To investigate the mechanisms underlying the production and regulation of chimeric RNAs, we analysed the location and base preferences of fusion breakpoints. In all four species examined, both 5′ and 3′ breakpoint sites were mostly located in coding sequence (CDS), followed by untranslated region (UTR) and intron (Figure 2a). We used ‘S’ (Splicing site) and ‘N’ (Not splicing site) to indicate whether the breakpoints occur at original splicing sites of parental genes. Therefore, ‘S/S’ denotes that both the 3′ and 5′ fragments of chimeric RNA utilize the parental gene's splicing sites. This type of fusion accounts for only 5.5% to 9.5% in rice, maize, and soybean, while in Arabidopsis, it constitutes 29.3% (Figure 1e). More than half (52%~83%) of the fusions in the four species belong to the N/N type.

Figure 2.

Figure 2

The conserved features of the location and base preference of the breakpoints in parental genes. (a) The location of breakpoints in parental genes. The width of the stream indicated the proportion of chimeric RNAs (adjusted by the length proportion of CDS/UTR/intron in genome). (b) The proportion of base composition types of breakpoints for N/N fusions. _ _GU‐AG_ _: breakpoints that comply with the GU‐AG rule; _ _GU or AG_ _: breakpoints with only one end, either 5′ or 3′, complied with the rule; others: both the 5′ and 3′ breakpoints deviated from the rule. The frequency of 256 combinations of the four bases at the breakpoint in 5′ (c) or 3′ (d) parental genes. 256 combinations were further divided into 16 categories according to the two intron nucleotides. The pattern of NNCU is enriched in 5′ breakpoints, while ACNN is enriched in 3′ breakpoints. The red arrows indicate the conserved breakpoint signatures which exhibited in at least two species.
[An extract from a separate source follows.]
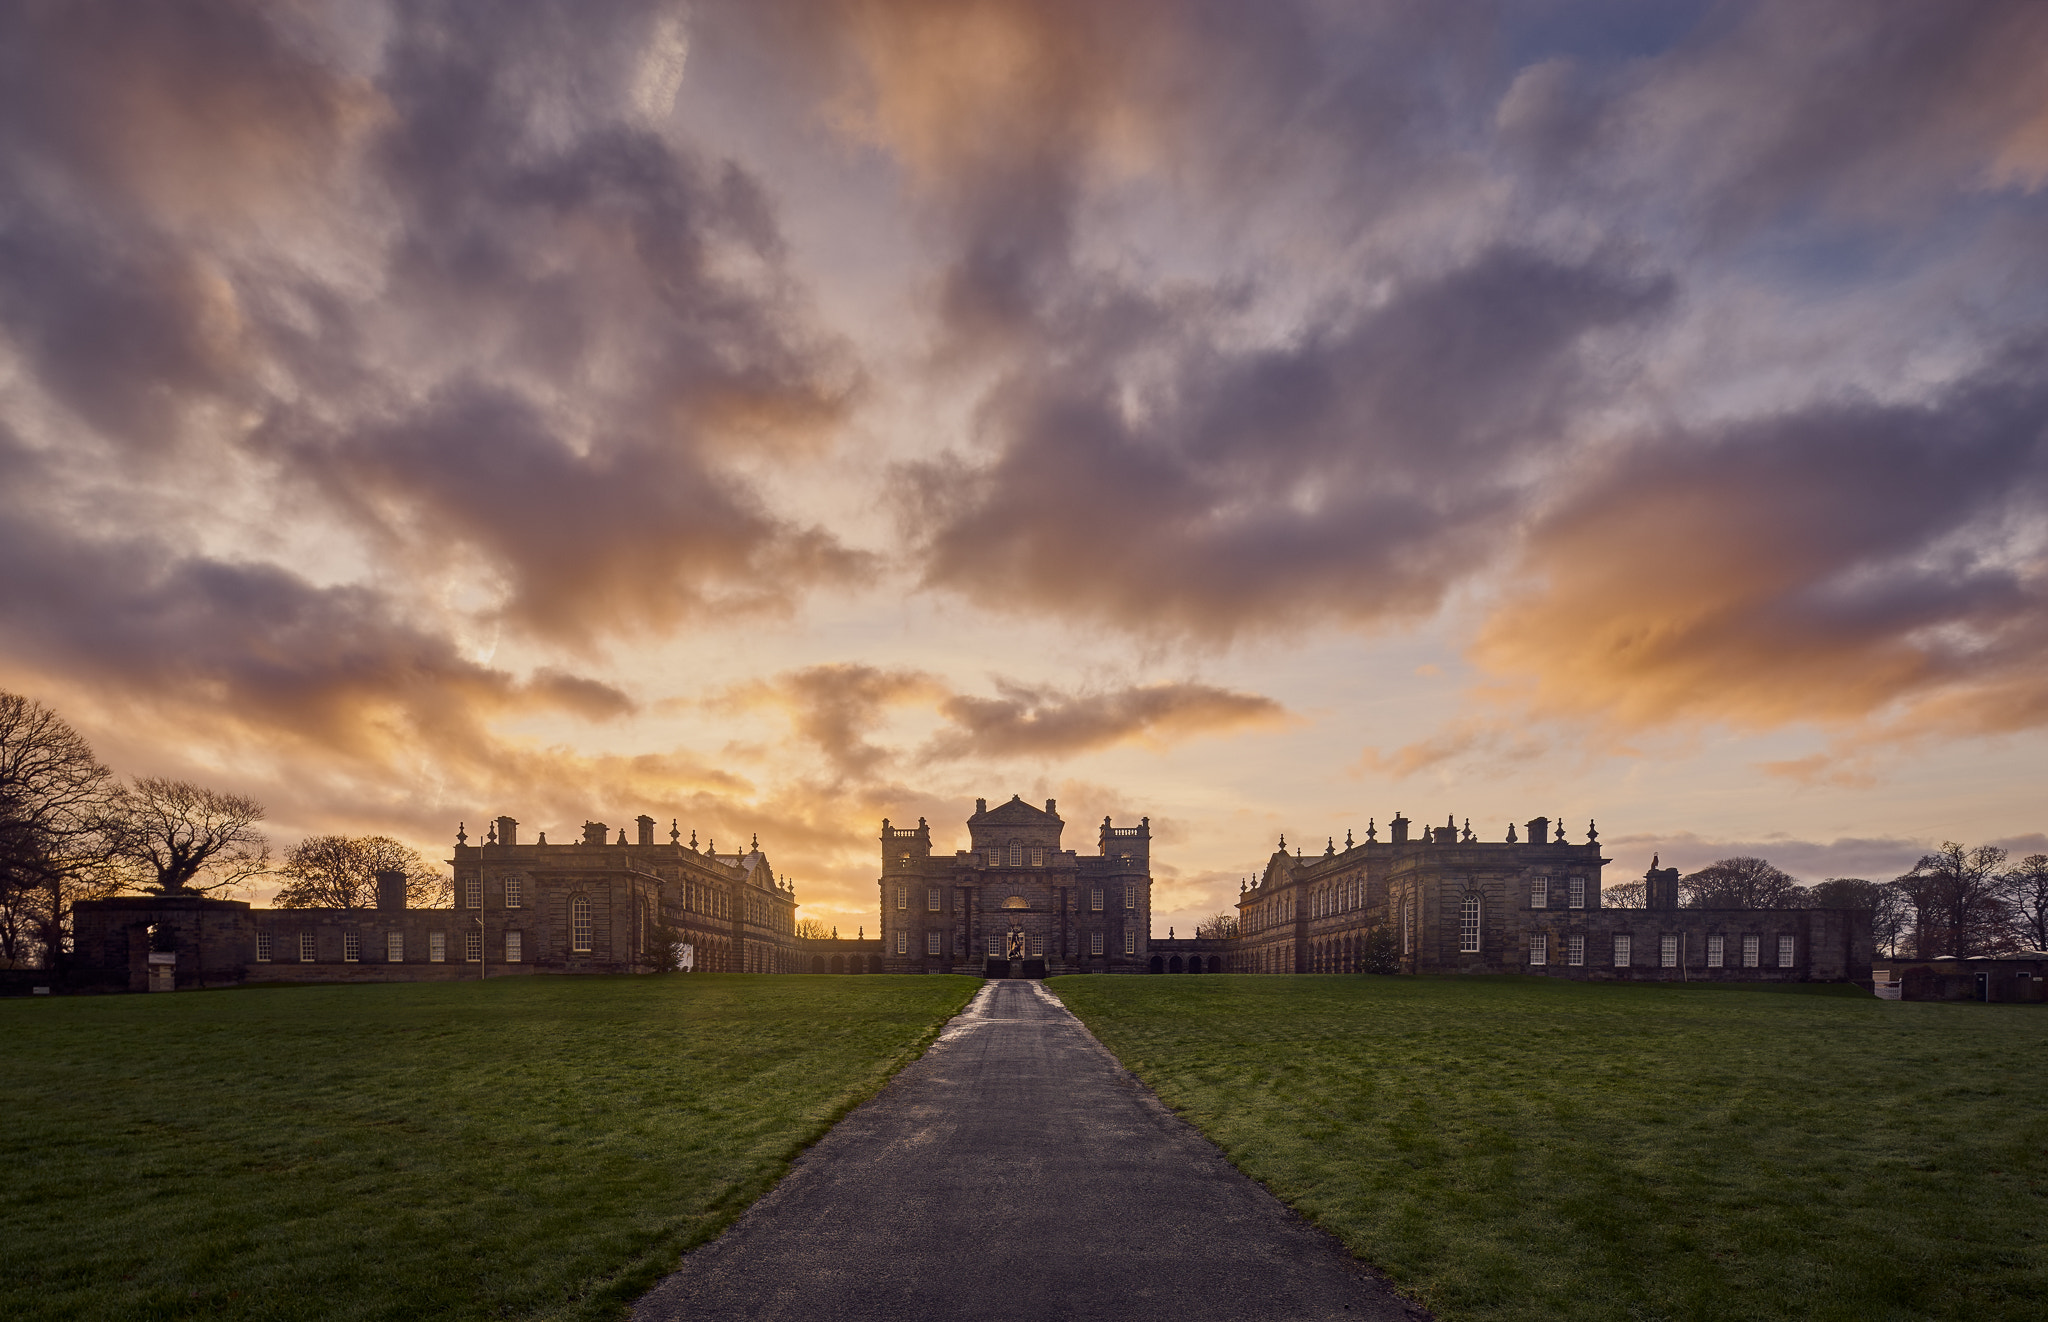 Sony a7R + 17mm F4 G sample photo. Sunrise over seaton delaval hall photography

Furthermore, we analysed base preference at the breakpoints of N/N type fusions. Averagely, 12.7% of them still adhered to the GU‐AG rule (Figure 2b), suggesting that these chimeric RNAs are still produced by the splicing machinery. To investigate whether there are breakpoint sequence patterns other than GU‐AG, we delved deeper into the four‐nucleotide patterns at breakpoints (2 bp upstream and 2 bp downstream, depicted as 5′‐N2N1n1n2 and 3′‐n2n1N1N2, where uppercase and lowercase letters indicate exonic and intronic bases in fusion transcripts, respectively). We found that in all four plants, 5′‐n1n2 was enriched in CU, whereas 3′‐n2n1 was enriched in AC (Figure 2c). We further identified breakpoint signatures, which are defined as four‐nucleotide combinations whose occurrence probability was greater than 0.01 and at least two times more frequent than those in the corresponding gene regions of each species. Nine to 14 signatures were identified in each species, including 5′‐ACcu, 5′‐GCcu, 5′‐UAcu, 5′‐GGcg, and 3′‐acCA, 3′‐acCU and 3′‐cgUC, which were present in at least two species (Figure 2c). These conserved breakpoint signatures might be related to the mechanisms of chimeric RNA production.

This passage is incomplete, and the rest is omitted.